Why mineral sunscreens are better

The mineral sunscreen industry has gained popularity in recent years due to increased awareness about its efficacy and safety. Traditionally, dermatologists have steered people toward chemical sunscreens or those using "soluble filters," which are easily absorbed by the skin but may not effectively shield from UVB and UVA rays, according to Denis Dudley, MD, an endocrinologist who has turned his attention to researching and formulating safe sun care products. "Most dermatology literature and the information pamphlets from the professional organizations tend to repeat the industry position that still advocates using soluble filters that give UVB-biased and incomplete protection," Dudley says. "Rising cancer rates suggest the strategy has failed and the obvious weak link is the use of sunscreens."

But that dialogue is starting to change, thanks to experts such as Dudley and consumer health advocacy organizations like the EWG. They say one of the biggest problems with many sunscreens today is their tendency to focus only on UVB rays (SPF is what tells you UVB protection) but ignore UVA rays, which are linked to photoaging and skin cancer. "The global sunscreen market is dominated by UVB-biased sunscreens, particularly in North America," adds Dudley. "They mostly prevent UVB effects like sunburn to some degree but offer little or no protection against skin cancer or photoaging, where UVA plays a major role."

In addition to poor protection from UVA rays, chemical ingredients—particularly oxybenzone—have been linked to hormone disruption. The equally bad news is that these chemical ingredients easily work their way into the body. The CDC reports that close to 97 percent of Americans have oxybenzone in their bodies; another study found that 85 percent of nursing mothers in the European Union have at least one UV filter in their breast milk.

The use of hormone disruptors is one of several red flags the EWG has found to be common in sun care products as it researches its annual Guide to Sunscreens. "We will continue to see the same trends—high SPFs, hormone disruptors, vitamin A, chemical sprays," all of which have been shown to be unsafe or misleading in the past, according to Sonya Lunder, an EWG senior analyst. While not all dermatologists agree on the dangers of the chemicals used in some sunscreens, they are increasingly recommending minerals over chemicals for their stability and broad-spectrum coverage.
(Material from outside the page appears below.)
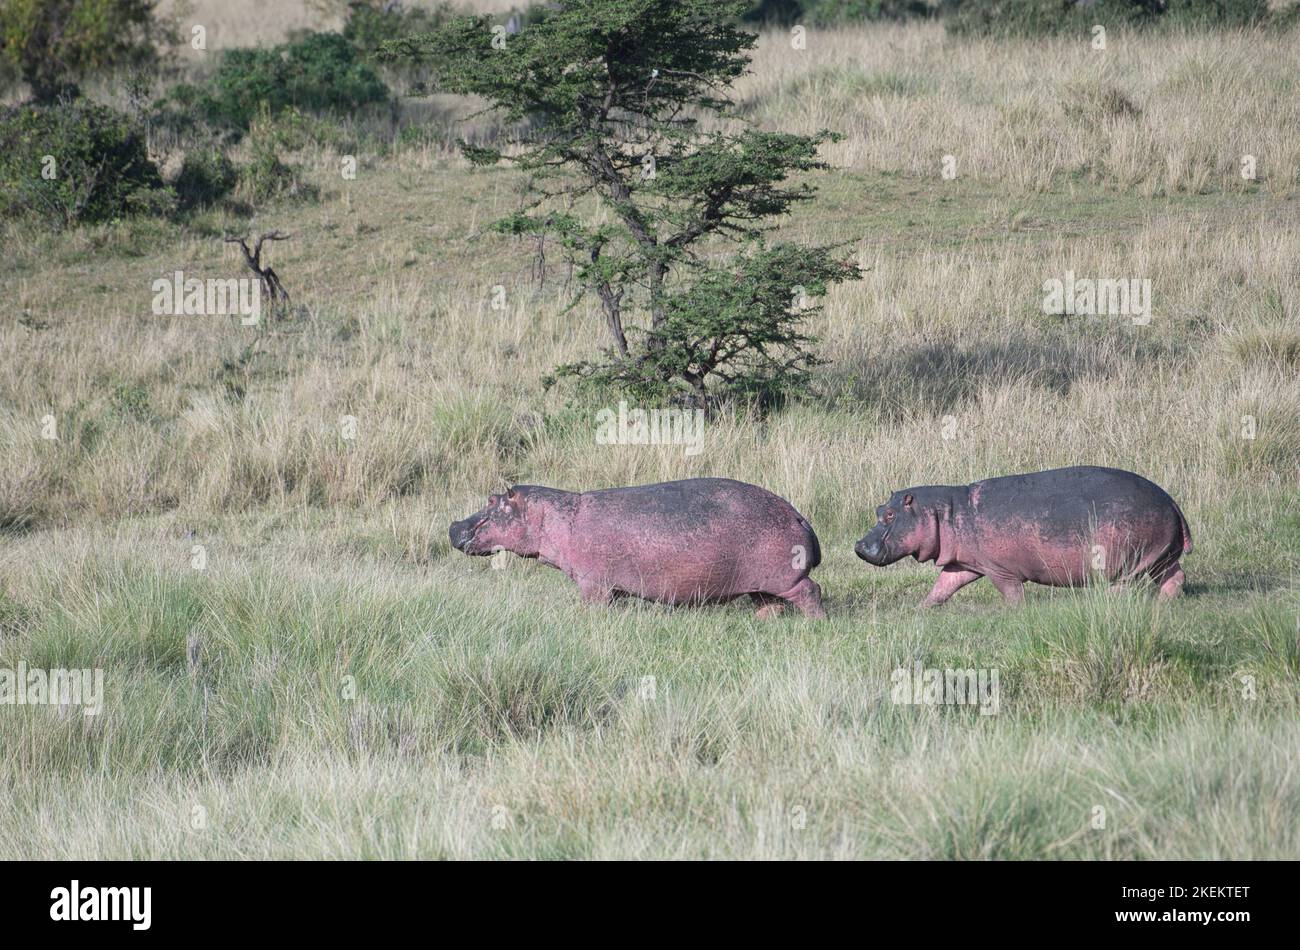 Two hippopotami (Hippopotamus amphibius) returning to water after grazing on land Stock Photo

Austin-based dermatologist Ted Lain, MD, says "there are no studies performed with adequate scientific rigor that show any safety issues with current sunscreen ingredients."
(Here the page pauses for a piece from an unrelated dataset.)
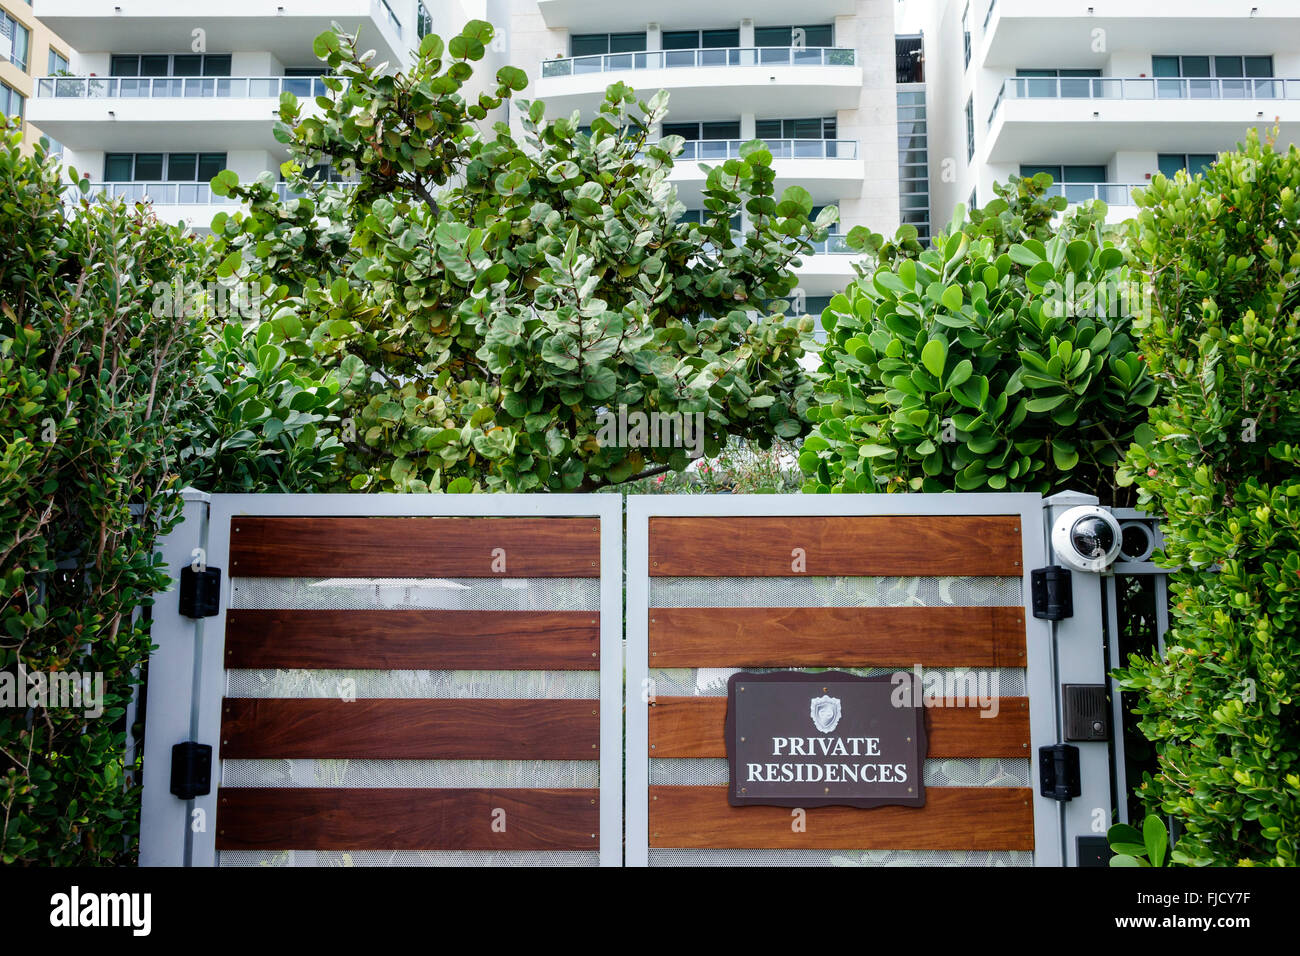 Miami Beach Florida,gate,sign,private residences,property,condominium residential apartment apartments building buildings housing,FL160226035 Stock Photo

However, like Dudley, he recommends products containing minerals zinc oxide and titanium oxide to his patients. And most brands are now offering at least one mineral option, according to Lunder.

Mineral sunscreen’s misstep

Consensus that mineral sunscreens are superior is forming. But not all mineral sunscreens are created equal—an issue that was illuminated as the EWG researched its 2017 guide, which is set to come out this month. "One thing we are responding to here is that we do see growing SPF values with mineral sunscreens and we see very low concentrations of active ingredients in some of them," Lunder says. The EWG found that companies may be using plant-based antioxidants, which are not approved active sunscreen ingredients, to increase SPF values and hence make the product appear to have greater UV protection. While the research is still young on this topic, it’s important for companies to formulate with adequate concentrations of the active ingredients: zinc oxide and titanium dioxide.
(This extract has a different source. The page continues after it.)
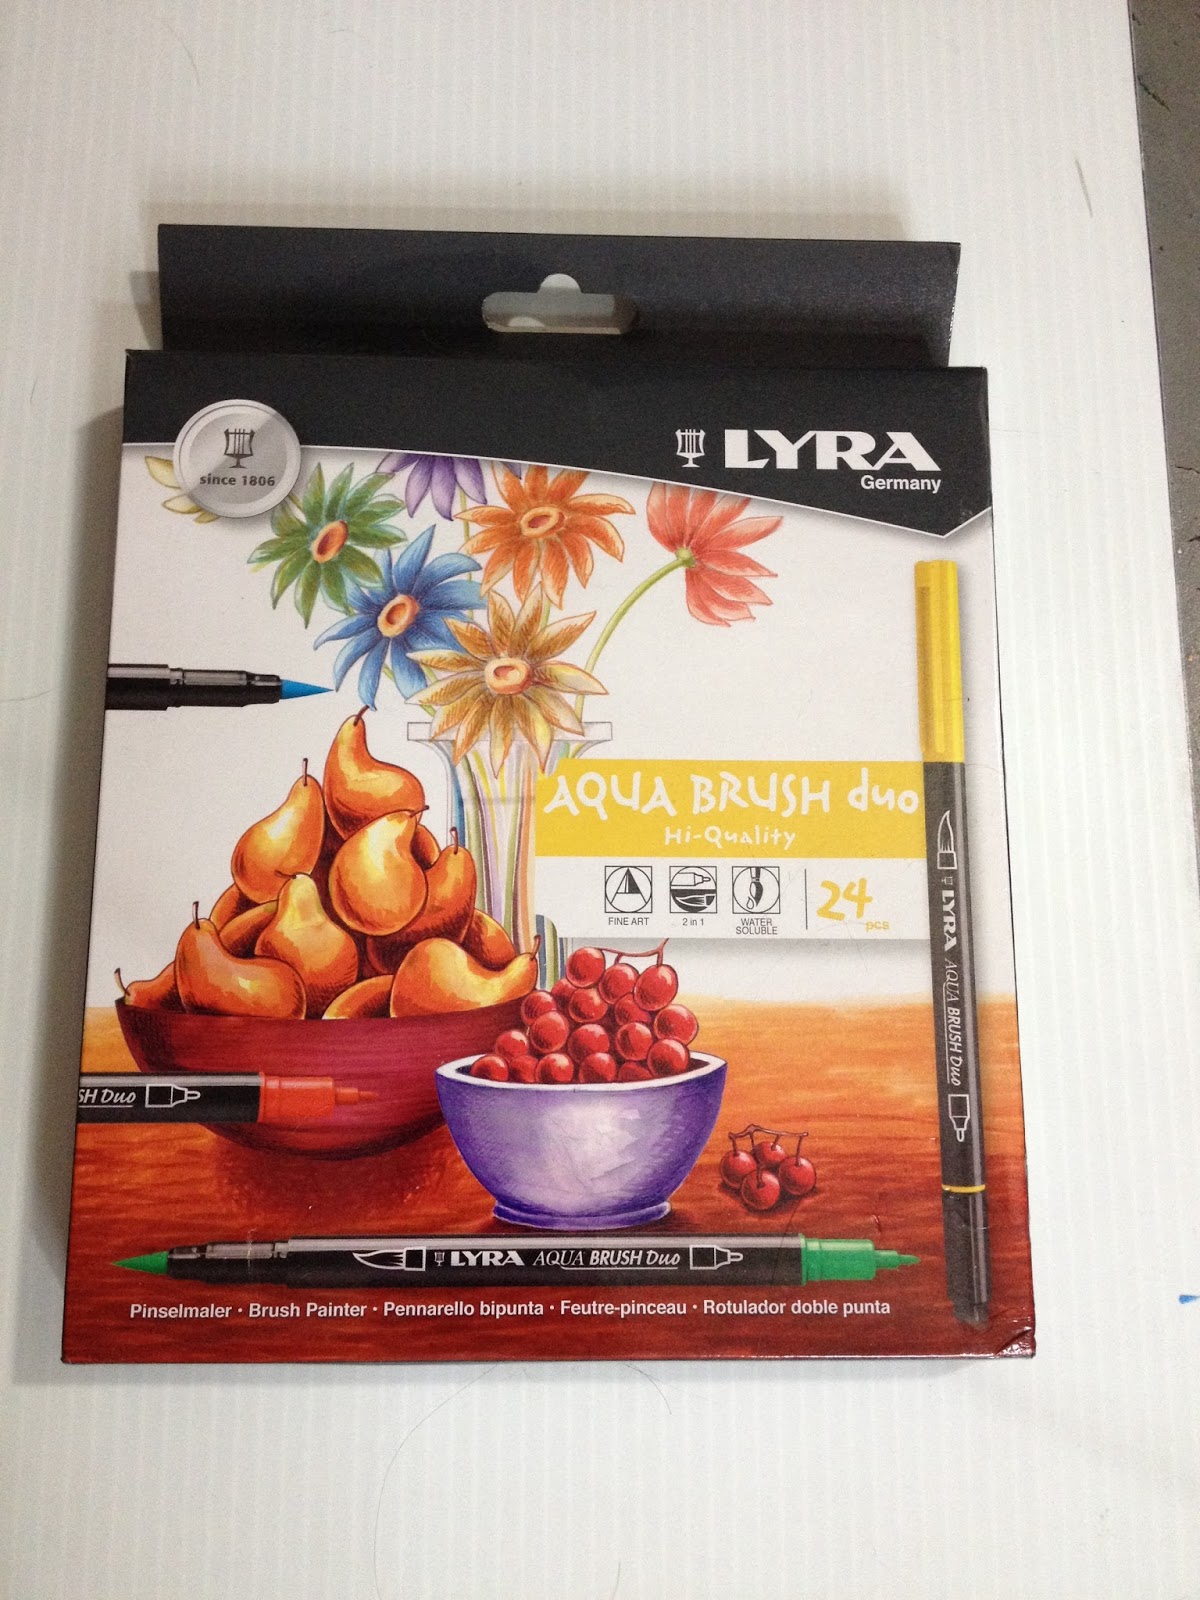 Lyra Aqua Brush Duo Markers - Assorted Colors, Set of 36

Recommendations for high concentrations of zinc oxide in a product are growing, ranging from 15 percent to 20 percent. "Since zinc oxide is the only safe UVA or broad spectrum filter available to most consumers in North America, look for adequate amounts," says Dudley, who tends to recommend 20 percent when used alone (this is challenging to find in most products, however) and 15 percent when used with 7.5 percent titanium dioxide. As for other antioxidants and plant-based oils, extracts and more … they should be considered perks, but shouldn’t be factored into sun protection until they get the OK as UV-protectors from the FDA.